## [Your objective]
Please reproduce the lines of the records below from the one holding "Travelon Origin Sustainable" through the one holding "AXIS M4215-LV Dome Camera、左から見た図", inclusive, skipping all pictures.

## [Source information]

------------------------

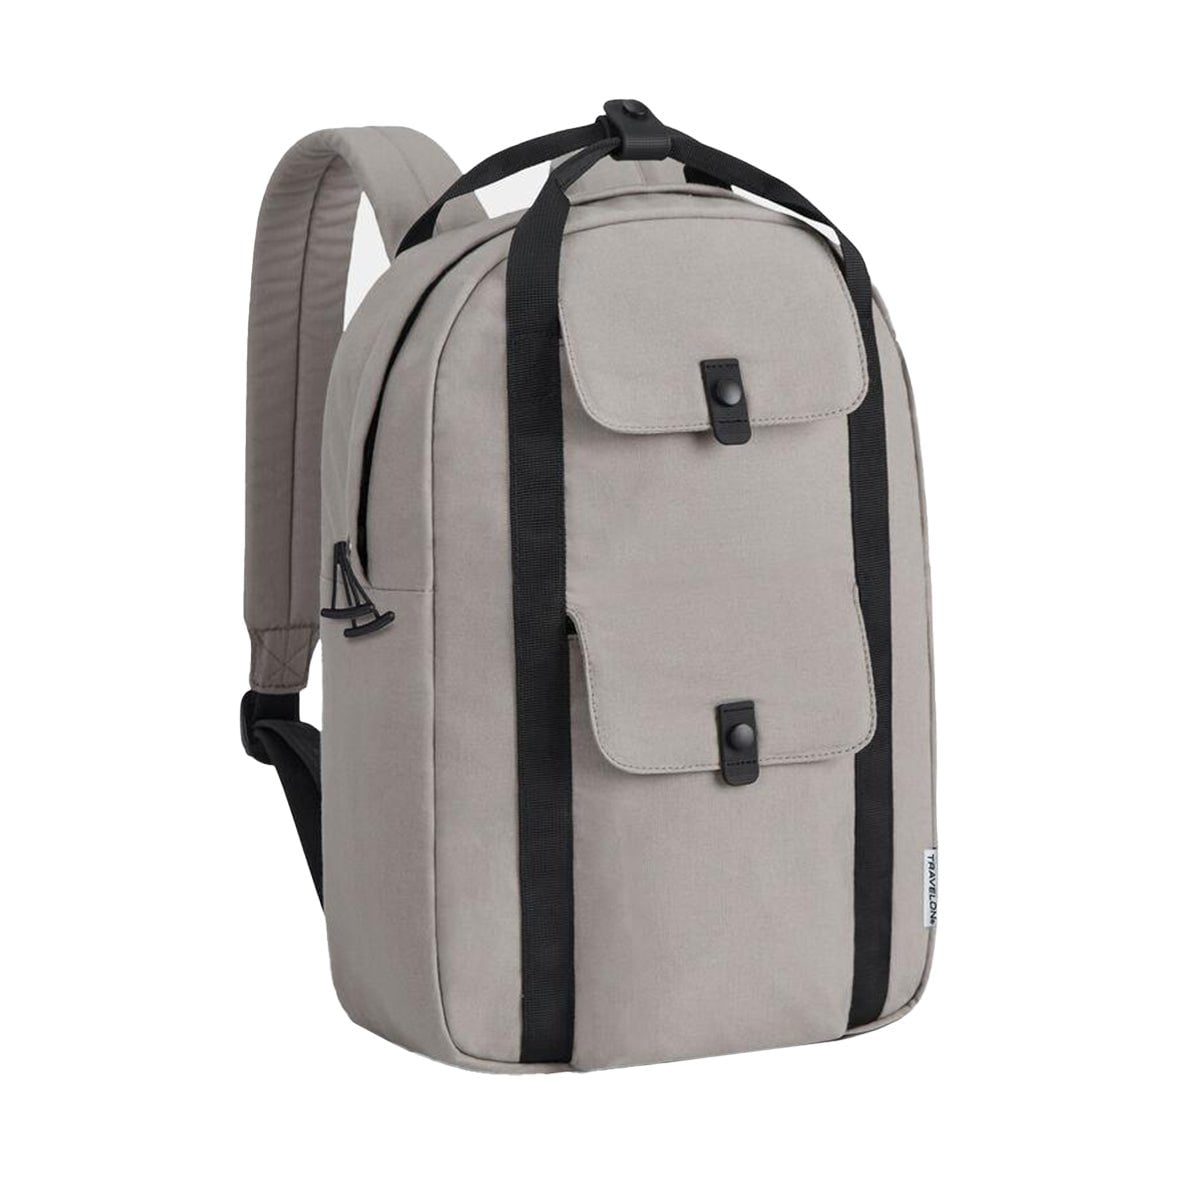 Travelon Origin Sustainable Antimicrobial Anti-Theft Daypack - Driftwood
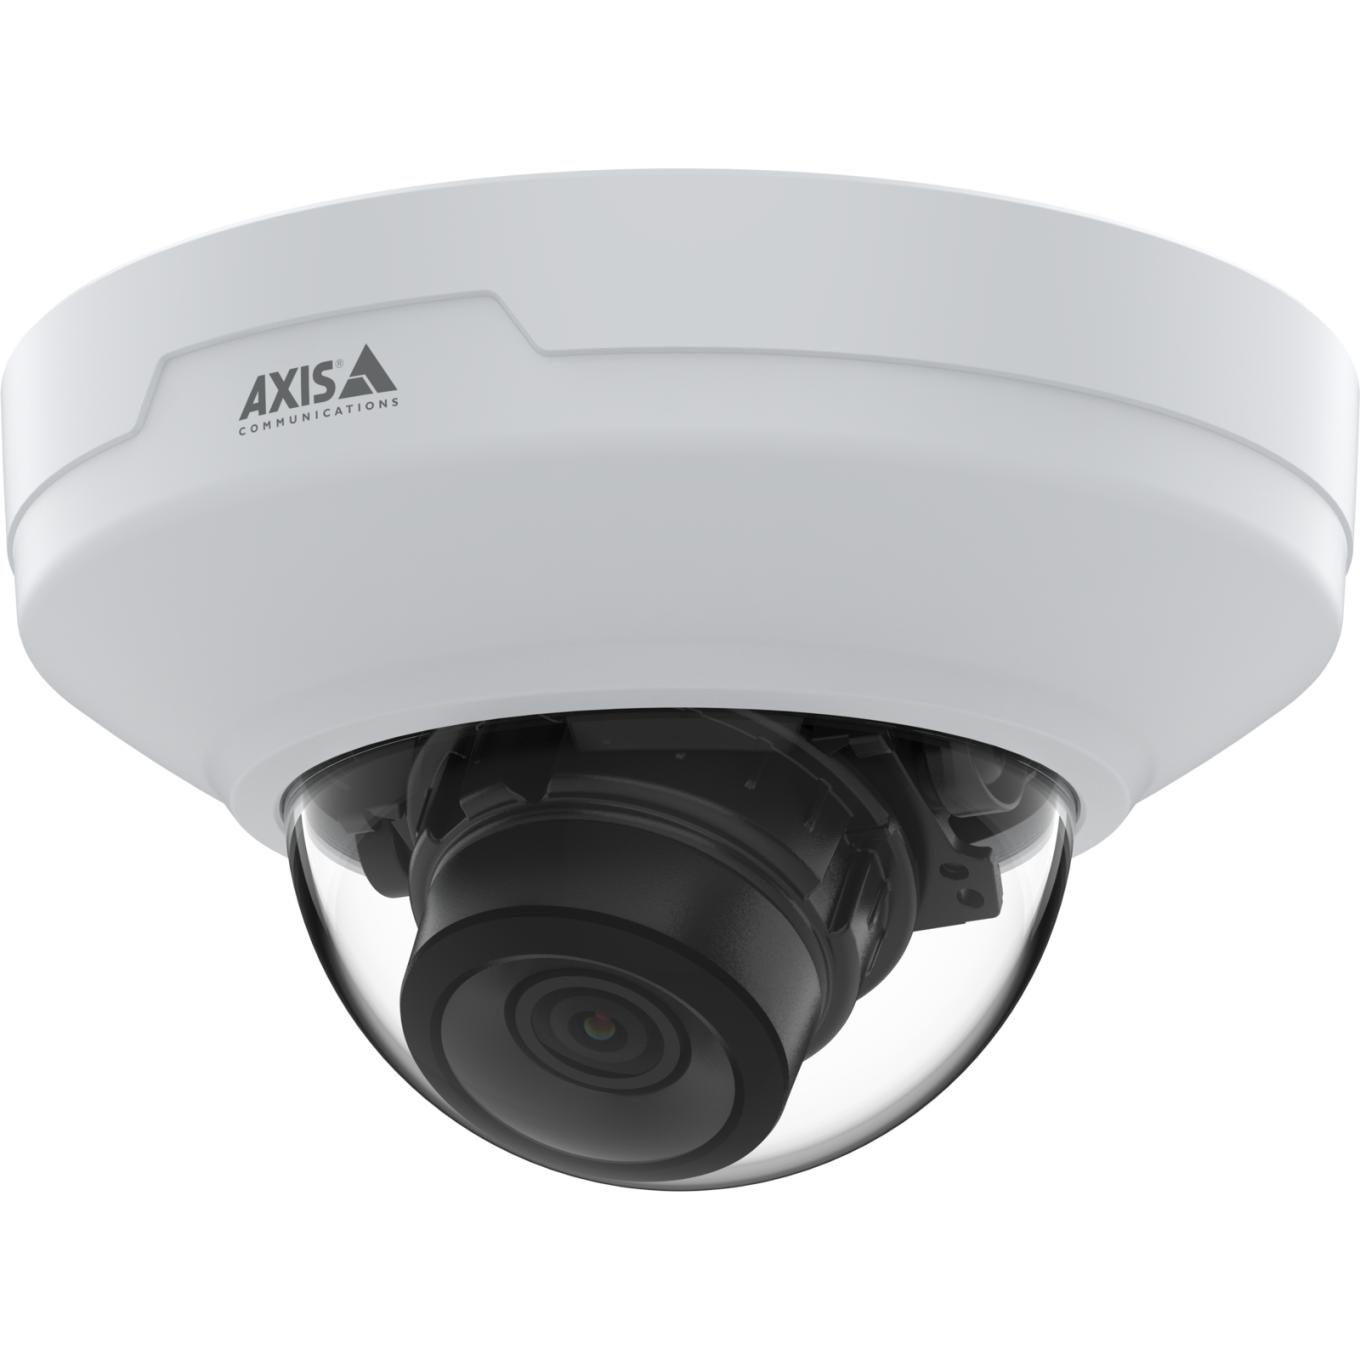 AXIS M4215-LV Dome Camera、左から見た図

------------------------

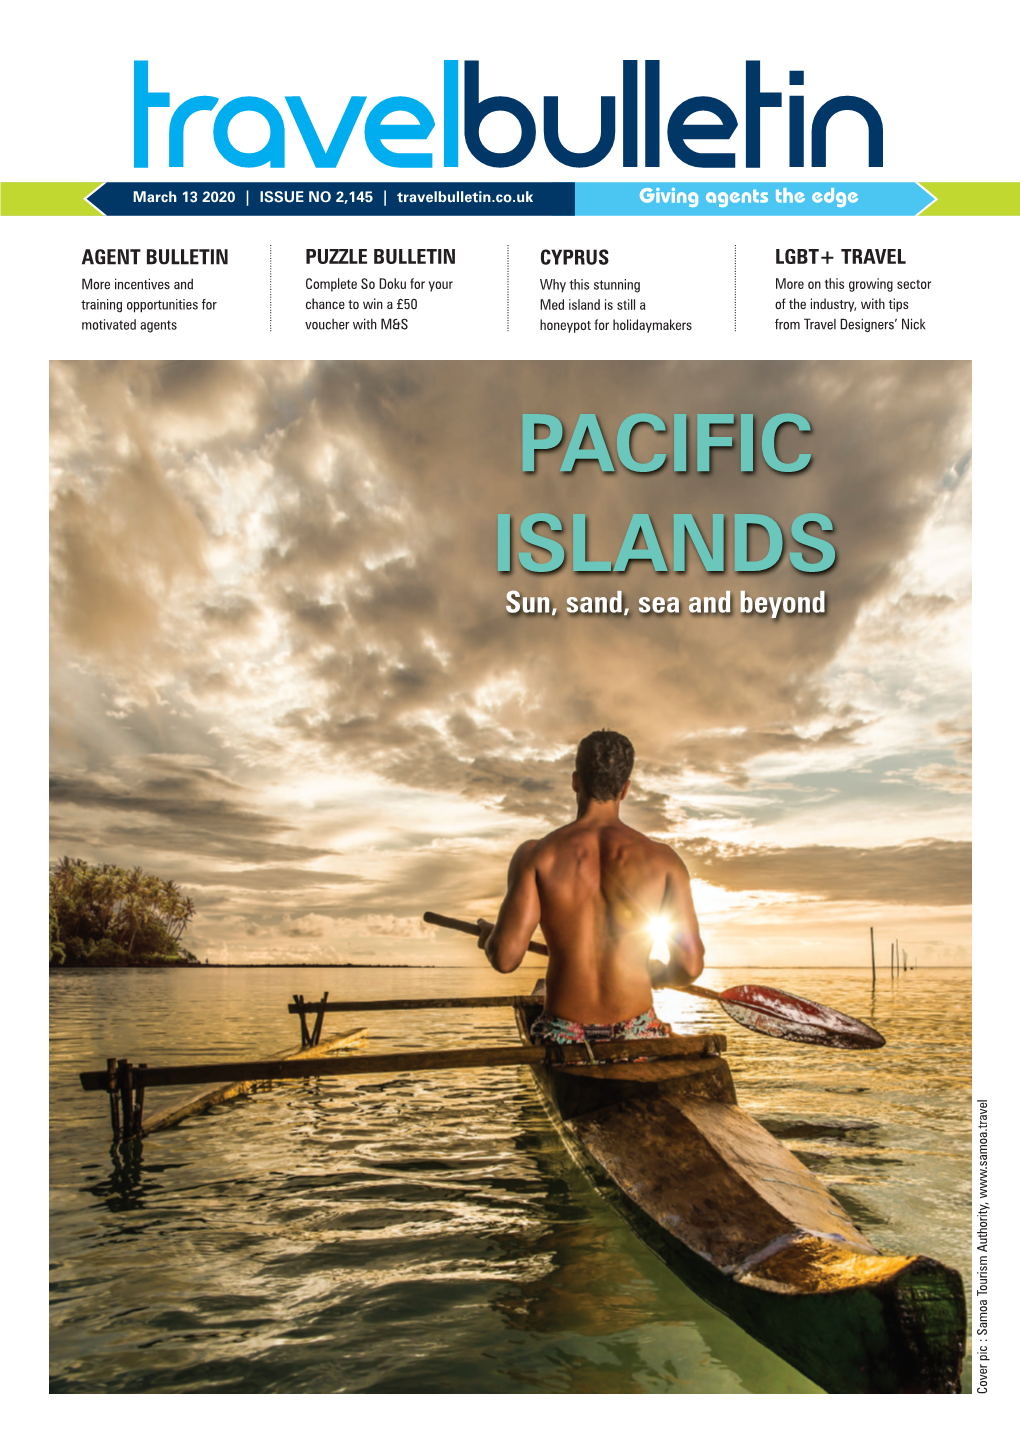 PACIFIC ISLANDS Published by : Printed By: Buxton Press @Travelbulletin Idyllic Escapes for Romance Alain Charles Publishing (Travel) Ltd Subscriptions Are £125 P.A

------------------------

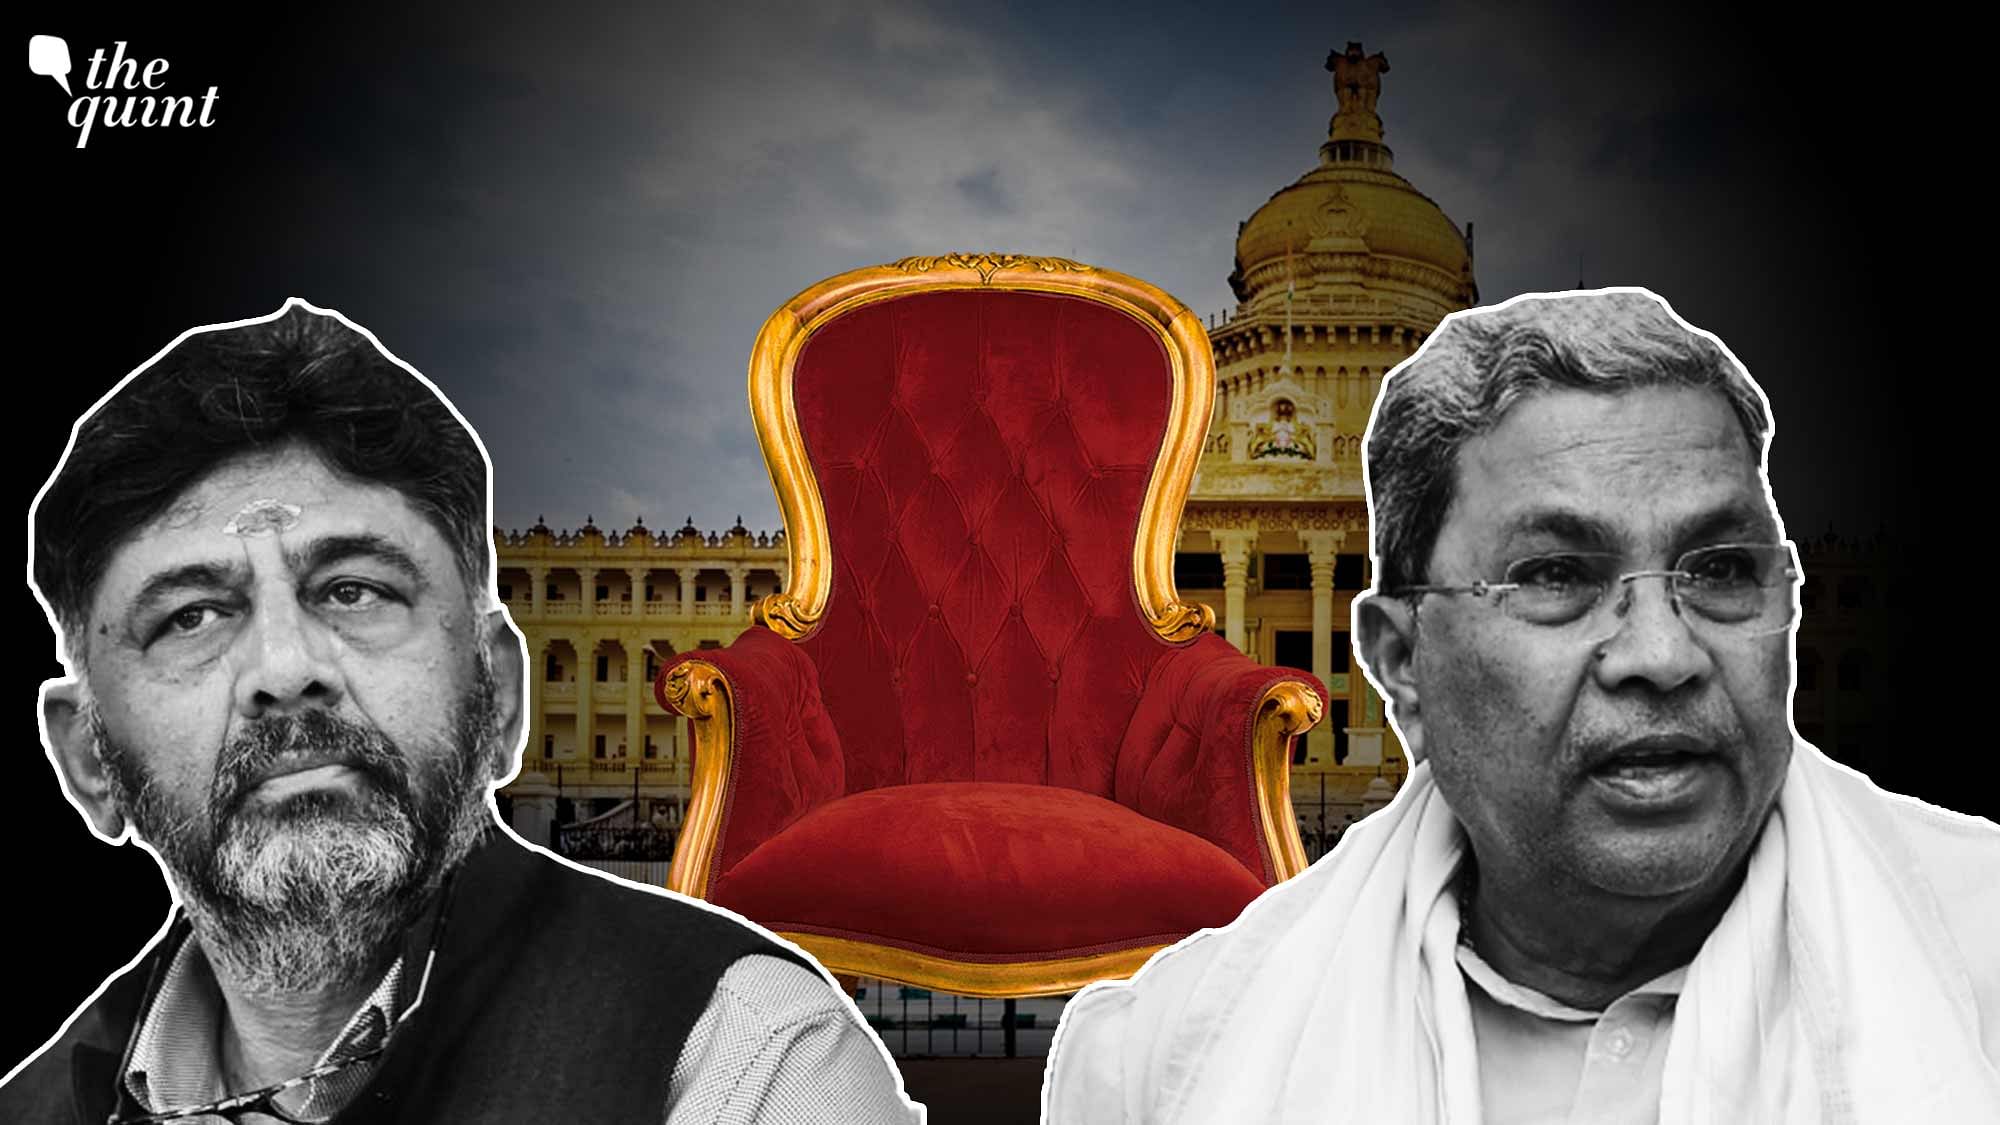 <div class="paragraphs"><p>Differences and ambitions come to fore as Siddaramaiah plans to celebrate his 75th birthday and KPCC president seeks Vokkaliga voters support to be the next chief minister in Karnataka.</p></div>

------------------------

## [Exercise output]
 Travelon Origin Sustainable Antimicrobial Anti-Theft Daypack - Driftwood
 AXIS M4215-LV Dome Camera、左から見た図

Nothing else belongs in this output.